If the cluster is configured with SLURM, NHC will run:
- on node creation
- in job epilog (after job completion)
- periodically on any node in the IDLE state (not running jobs)
NHC is implemented in bash
and can be extended with custom scripts. Different checks can be run depending on the type of the Azure VM.
Common Checks
The following checks are performed on all VMs regardless of the type:
- hostname is correct
- node is domain joined
- filesystems are not full
- Lustre is mounted (if Lustre is configured in config.yml)
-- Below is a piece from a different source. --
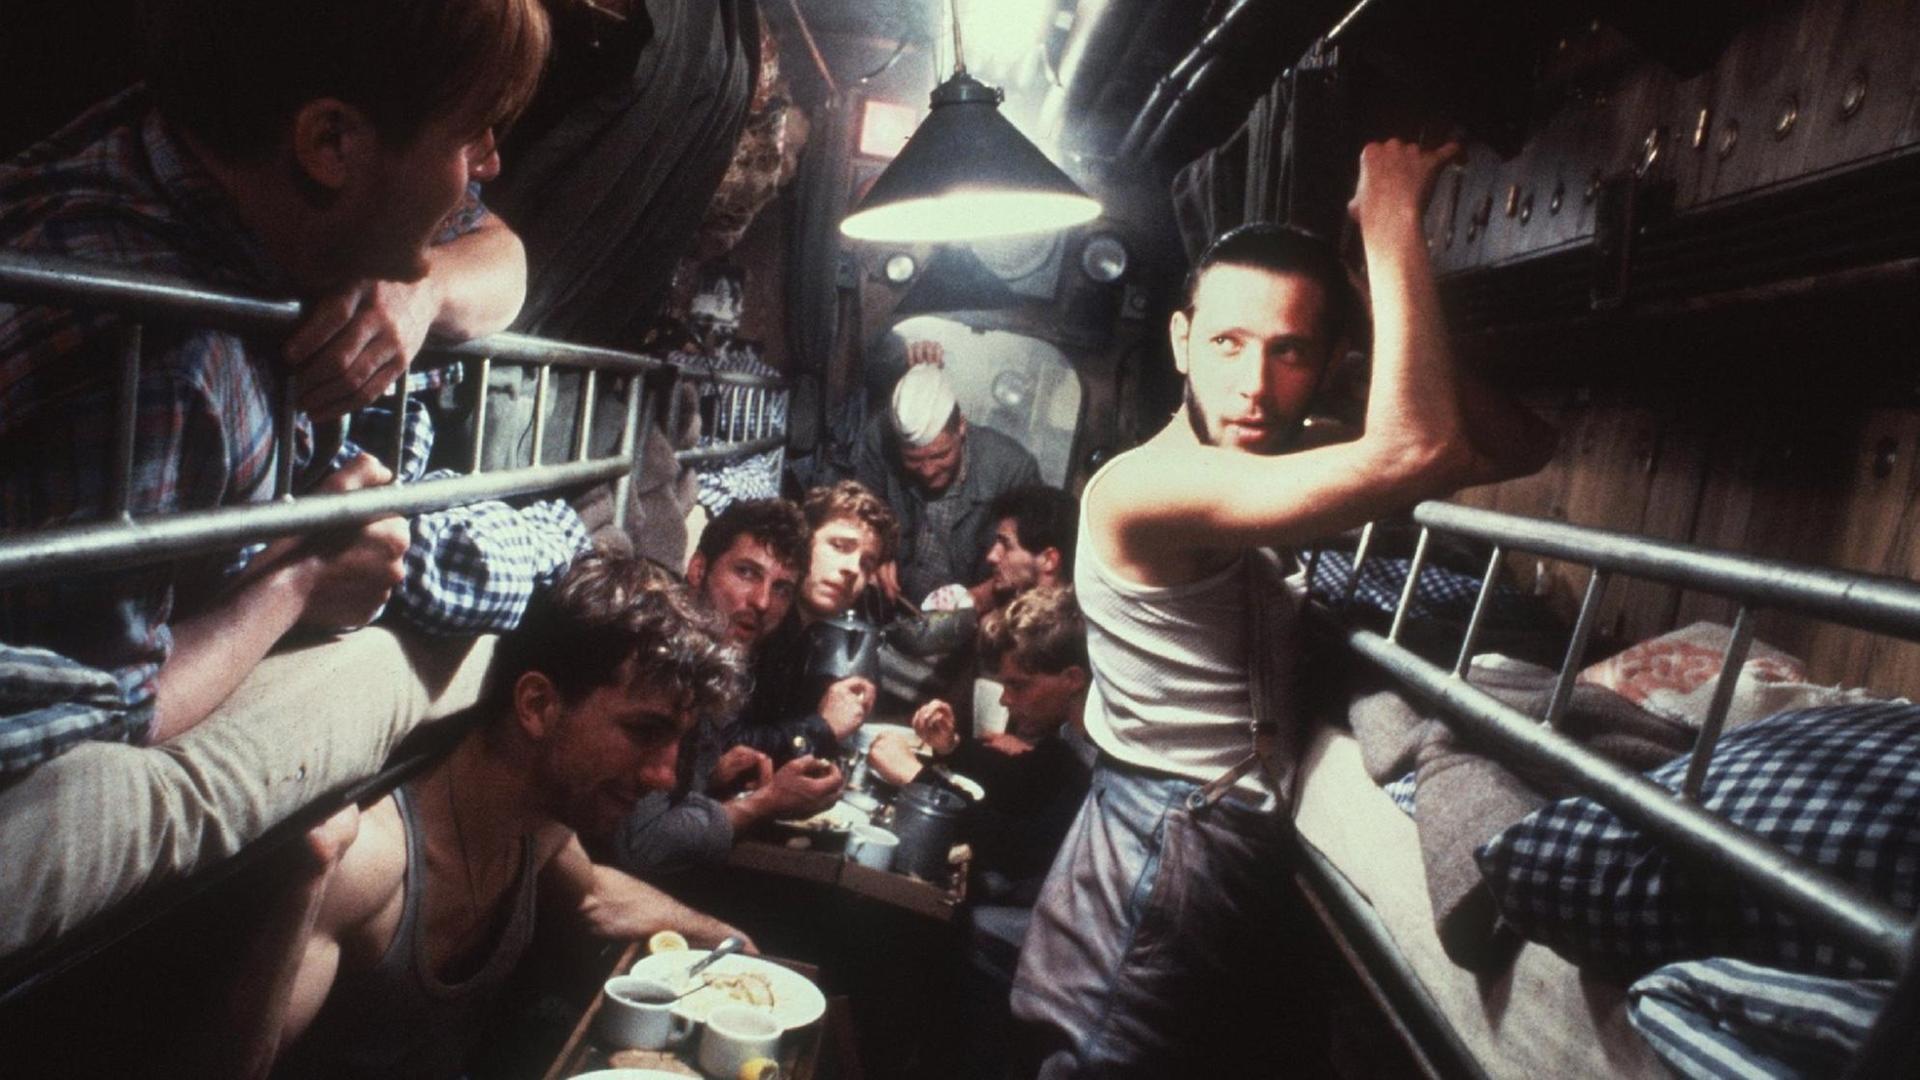 Blick in den Mannschaftsraum des U-Boots in einer Szene des Films "Das Boot", in dem das Schicksal der Mannschaft an Bord der "U 96" im Zweiten Weltkrieg geschildert wird.

- SLURM share is mounted (SLURM only)
- sshd and telegraf services are running
VM specific checks
All HBv2, HBv3, HC:
- Infiniband is configured and running at full speed
All NV (except NVv4), NC, ND:
- nvidia-smi health monitor
ND96asr_v4:
- all 8 Mellanox HDR cards are running at 200 Gb/s
- all 8 GPUs checked for:
- Persistence mode enabled (if not, attempt to enable and fail only if unable to fix)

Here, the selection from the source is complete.